As the sun rises on the next day, Sal and Mookie make a tenuous reconciliation. The film closes by zooming in on a photograph of Martin Luther King, Jr., and Malcolm X on the charred wall of Sal’s restaurant. Finally, quotations encapsulating each leader’s philosophy are slowly scrolled down the screen. The film does not suggest whether or not Mookie did the right thing by smashing Sal’s window, nor does it suggest which civil rights leader’s message bears the greater truth.

Stylistic Innovations and Awards

While the film provides an unflinching, realist portrayal of racial tensions, its overall style is better described as expressionistic. Shooting on location, Lee transformed several city blocks by painting Brooklyn brownstones with bright, hot colors. In terms of cinematography, the film makes use of striking canted angles that contribute to the mood of chaos and uncertainty. Do the Right Thing also contains an innovative montage in which characters of various races and ethnicities spew out a litany of racial epithets as if in direct response to a viewer’s provocation.

While Do the Right Thing won several important critics’ awards, including those of the New York, Chicago, and Los Angeles film critics’ associations, it received only two Academy Award nominations: Danny Aiello was nominated for Best Supporting Actor and Spike Lee for Best Original Screenplay. Neither Aiello nor Lee took home the Oscar.

Impact

Do the Right Thing helped pave a path for socially conscious urban dramas such as Boyz ’N the Hood (1991) and Menace II Society (1993). These films were written and directed by African American filmmakers John Singleton and Albert and Allen Hughes, respectively. In the ensuing decade, Lee continued to make edgy films about provocative subjects, such as his essay on interracial relationships, Jungle Fever (1991), and the biopic Malcolm X (1992).

Bibliography

Fuchs, Cynthia, ed. Spike Lee Interviews . Oxford: University Press of Mississippi, 2002. Collects twenty-two interviews on topics including race, politics, and the media.

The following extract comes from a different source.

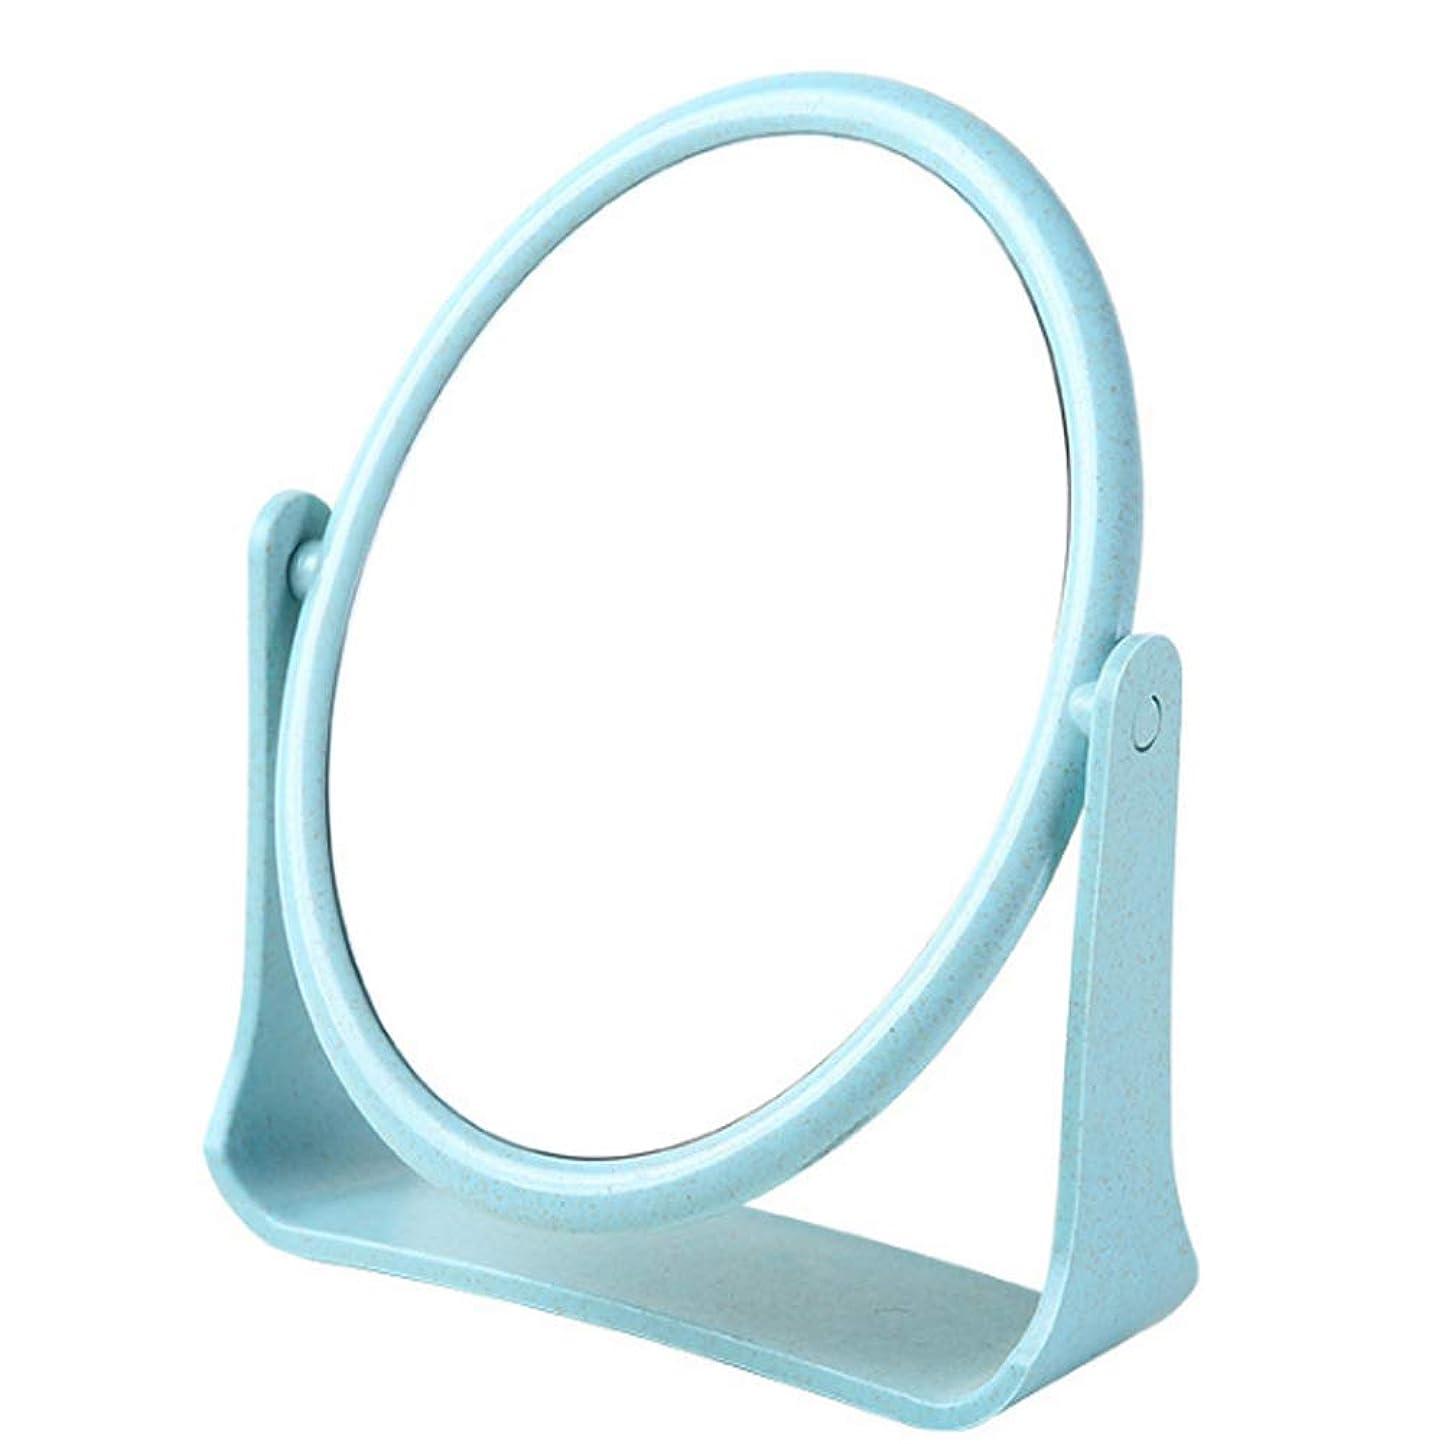 床撃退するに賛成化粧鏡 360度回転 スタンドミラー メイク両面鏡 ポータブル 多角度転換可能円形のカウンタートップ (ブルー)
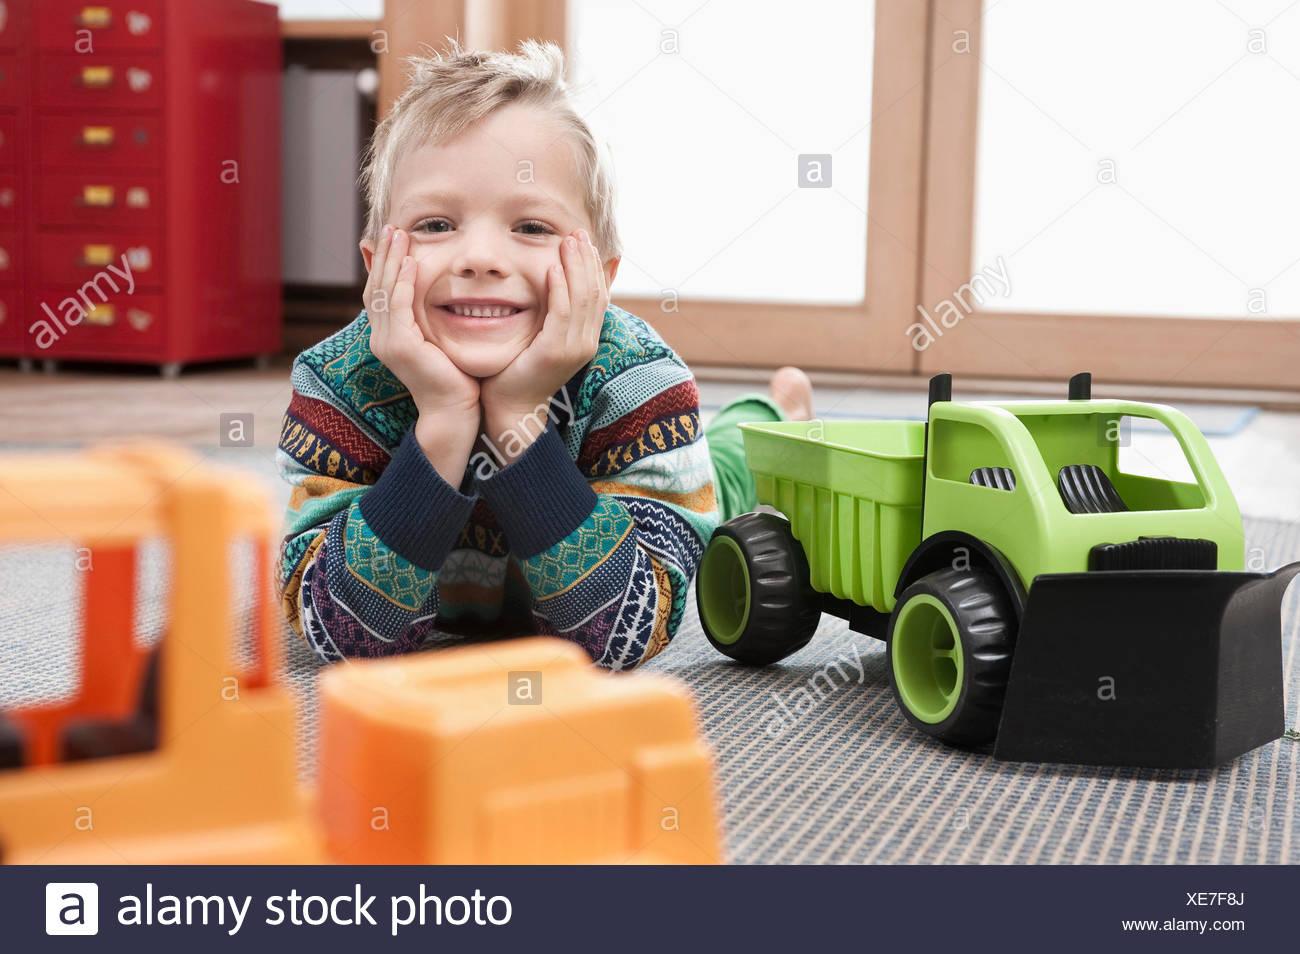 Porträt der lächelnde Knabe mit Kopf in seine Hände auf Boden von seinem kindergarten Stockbild

Guerrero, Ed. Do the Right Thing. London: British Film Institute, 2002. Focuses on Spike Lee’s representation of race in Do the Right Thing and the rise of multicultural voices in filmmaking.

Reid, Mark A., ed. Spike Lee’s “Do the Right Thing.” Cambridge, England: Cambridge University Press, 1997. This volume from the Cambridge Film Handbooks series contains essays that analyze Do the Right Thing from a variety of perspectives, as well as reviews by influential critics.